В качестве “окруженца” я вызывал, особенно у политсостава, известный интерес, вероятно, не совсем стихийный. Комиссар полка и инструктор по пропаганде долго и пристрастно расспрашивали о том, как я попал в окружение и как мне удалось из него выйти, не попав в руки немцев и на тот свет. Я честно объяснял, что не было сплошной линии фронта, что в прифронтовой полосе, когда немецкие войска быстро продвигались вперед, оставив в котле два фронта — Южный и Юго — Западный, они не могли в ту же секунду захватить всех, то есть всех солдат и офицеров, включая и тех, кто, как я, был переодет в гражданское платье, и отправить в лагеря военнопленных или даже просто уничтожить на месте. Я упоминал и о тех критических моментах, которые были на моем пути, когда я был в двух шагах от гибели в станице Луганской, в Родионовке, и о тех немецких зверствах, о которых я слышал. Разговор был расширен до общей темы немецкого фашизма. И тут я, с наивным просветительским увлечением, пересказывая известную книгу Генри Эрнста “Гитлер против СССР”, стал излагать им общеизвестные истины о том, что у Гитлера были соперники или потенциальные соперники из числа вождей штурмовиков, с которыми он расправился, и что дело, собственно, не в Гитлере, а в немецком финансовом капитале и милитаризме, которые выдвинули себе на потребу подходящего вождя. Но и эти совершенно банальные утверждения советской пропаганды, высказанные моими устами, показались им, по — видимому, в чем‑то странными. Конечно, не все политработники на фронте были достаточно образованны и даже грамотны. Так, например, замполит отдельного взвода нашей разведки в 980–м полку (кавказец) меня спрашивал: “Что, Гитлер — это отдельный человек или весь народ?”. Но эти двое, с которыми мне привелось иметь дело, были вполне обыкновенные комиссары из бывших профессиональных партработников, и они были нормально подкованы идеологически. Я совершенно не замечал их подозрительности, будучи глупейшим образом убежден, что мой выход из окружения является более чем достаточным доказательством моей политической “чистоты” и “преданности”. По крайней какой‑то наивности я не мог понять, что дело обстоит как раз наоборот и что после пребывания на оккупированной территории я должен обязательно вызывать подозрения. Известная нестандартность моего рассказа, то есть несовпадение его с официально — пропагандистскими описаниями в газетах, крайне усиливала эту подозрительность.
Через много — много лет после описываемых событий я познакомился в Москве с Семеном Липкиным, который тоже выходил из окружения и тоже на Юге, но у него хватило ума представить все дело в чисто газетном, то есть, в сущности, крайне неправдоподобном виде, однако легко удовлетворившем начальство именно в силу газетной клишированности рассказа.

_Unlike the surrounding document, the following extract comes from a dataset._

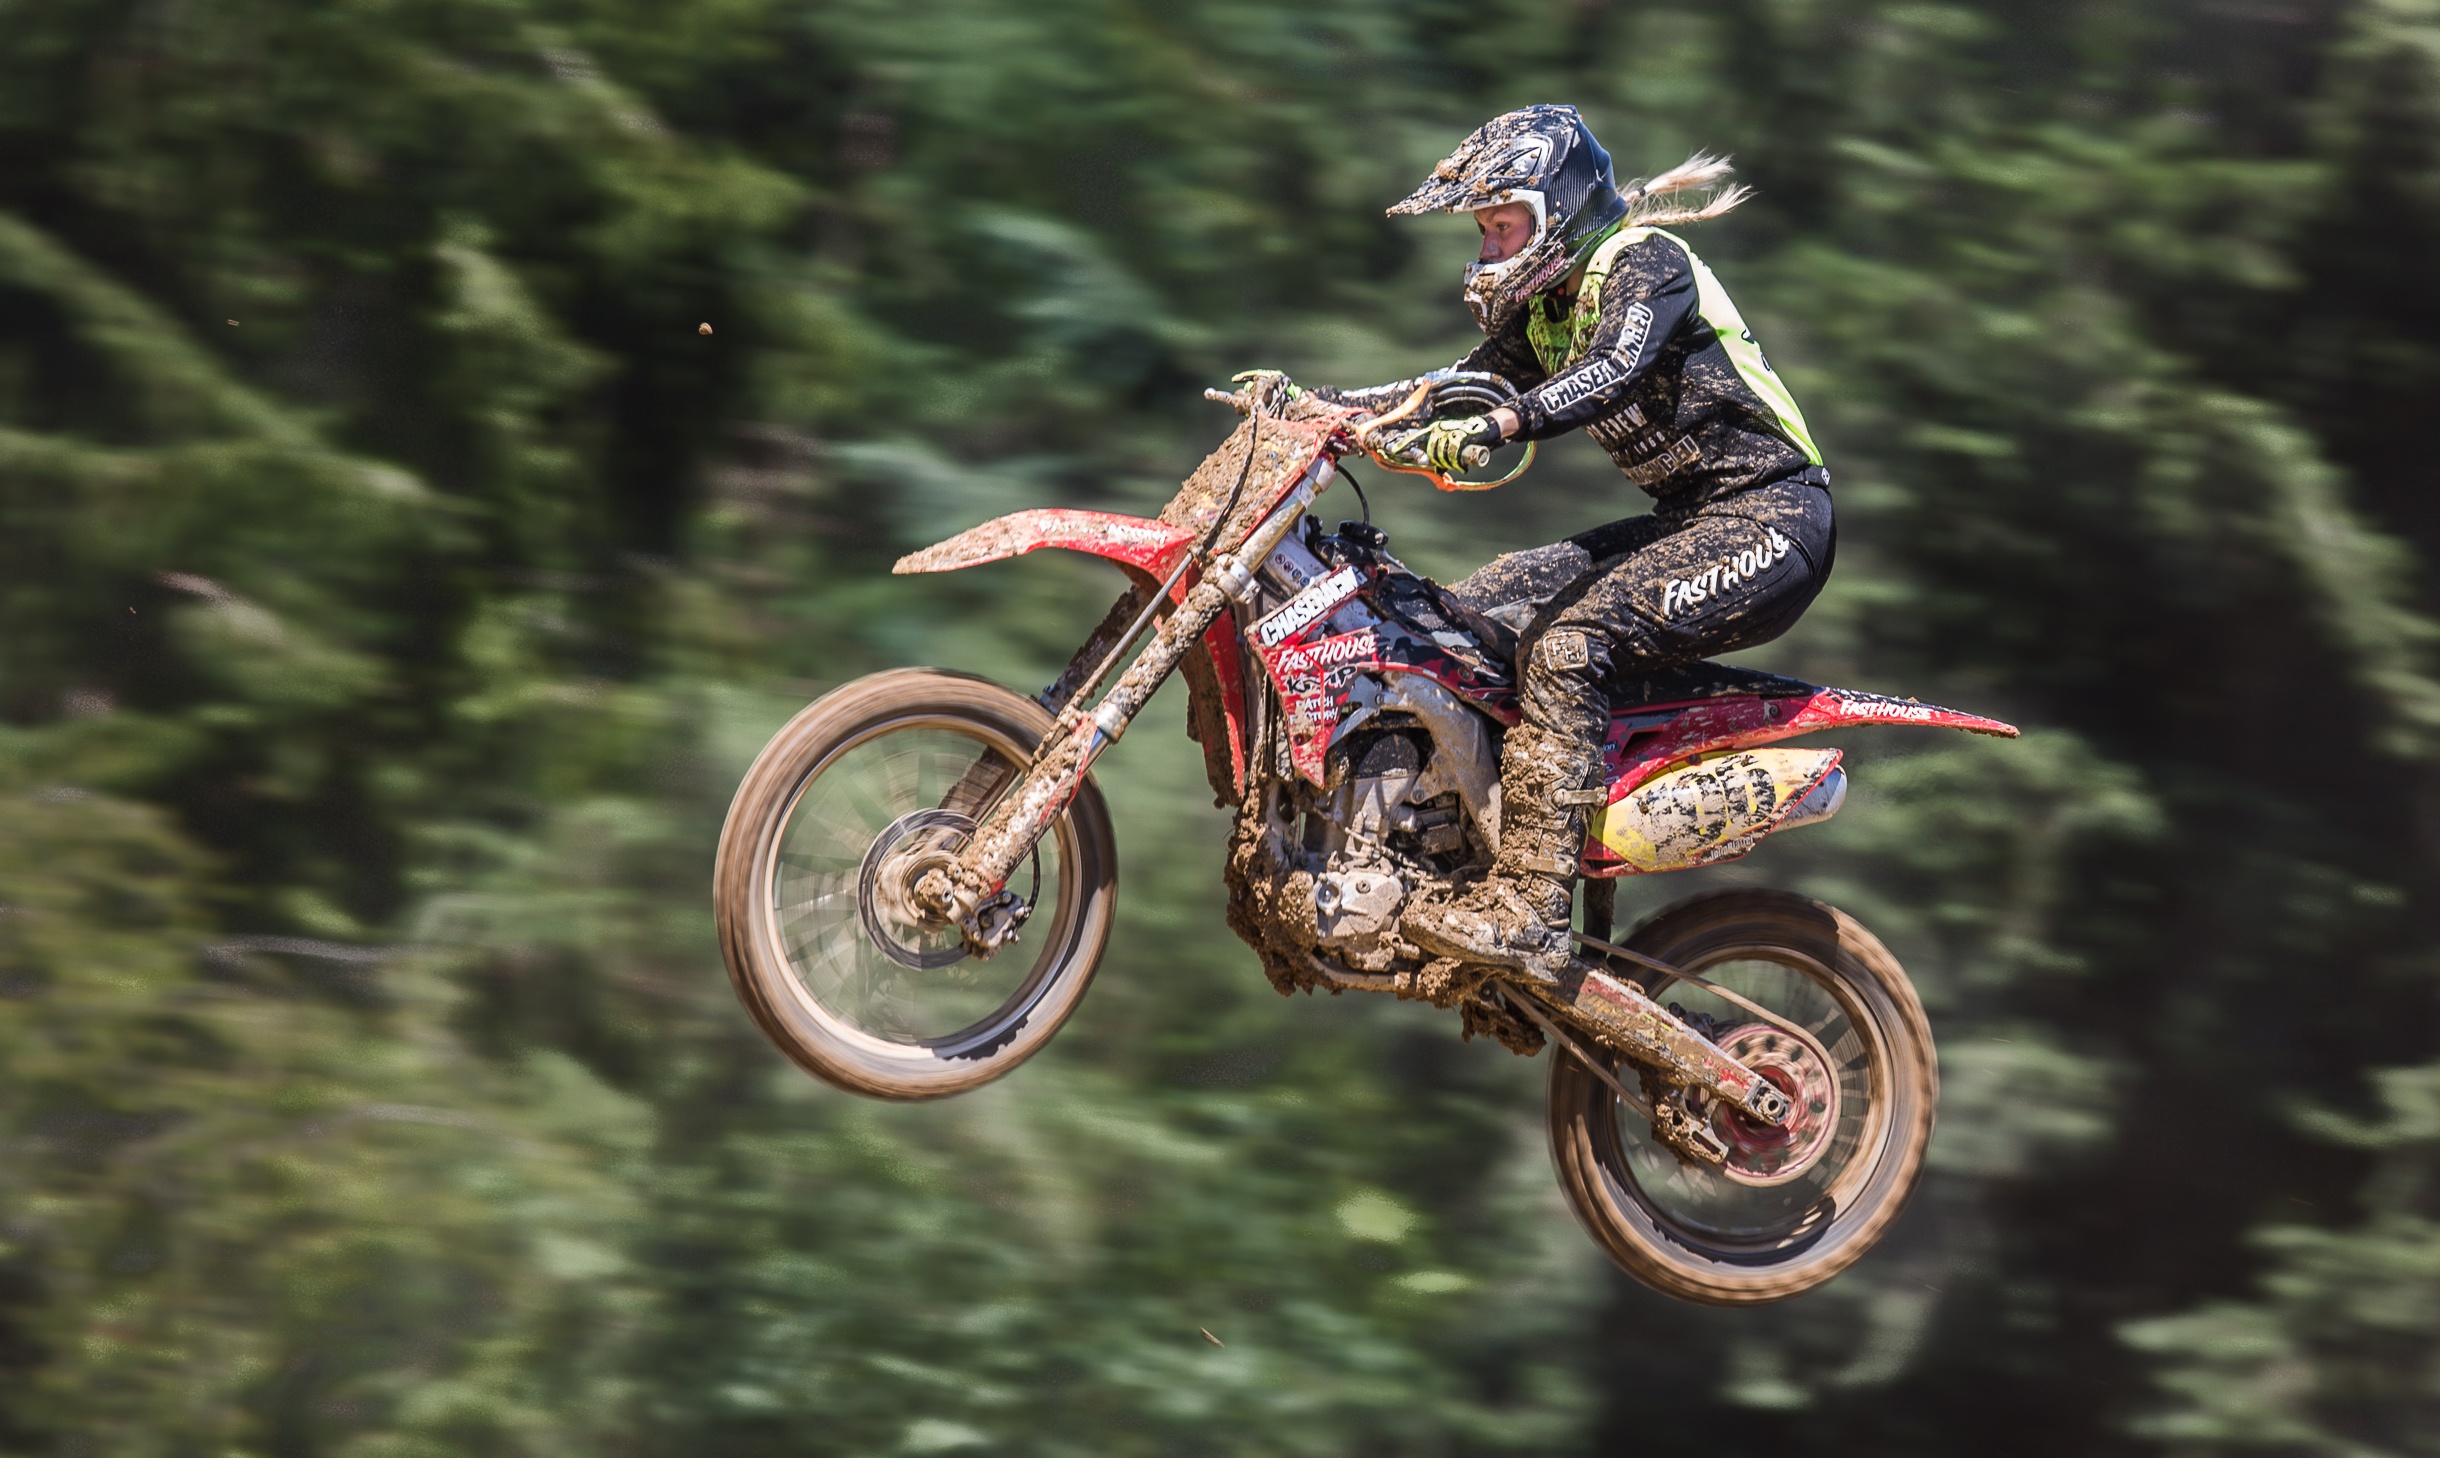 Motocross Full HD Wallpaper And Background Image 2440x1458 ID852398

Он попал в окружение в районе Моздока с группой кавалеристов. Трудное время они переждали в одном глухом селении, “переженившись” на тамошних деревенских женщинах. Дождавшись удобного момента, они перешли линию фронта, взяли штурмом советский склад белья и обмундирования и переоделись с иголочки, пришив даже чистые воротнички. Тщательно почистили своих коней и щеголеватой колонной подошли к нашему штабу в Моздоке. Семен Липкин доложил полковнику или генералу, что группа такая‑то прибыла из окружения, “вышли с боями”, в полном порядке. Полковник взглянул поближе на колонну и остался доволен. “Больные были?” — спросил он. “Нет, только у одного солдата обнаружился чирей на ноге, и у одного коня слегка стерта холка”. “А какая велась политработа?” — “Были прочитаны бойцам две лекции: "Как русские били прусских" и "Об уходе за конем"”. Начальство осталось всем очень довольно и отнеслось к Семену Липкину и его товарищам с полным доверием и одобрением.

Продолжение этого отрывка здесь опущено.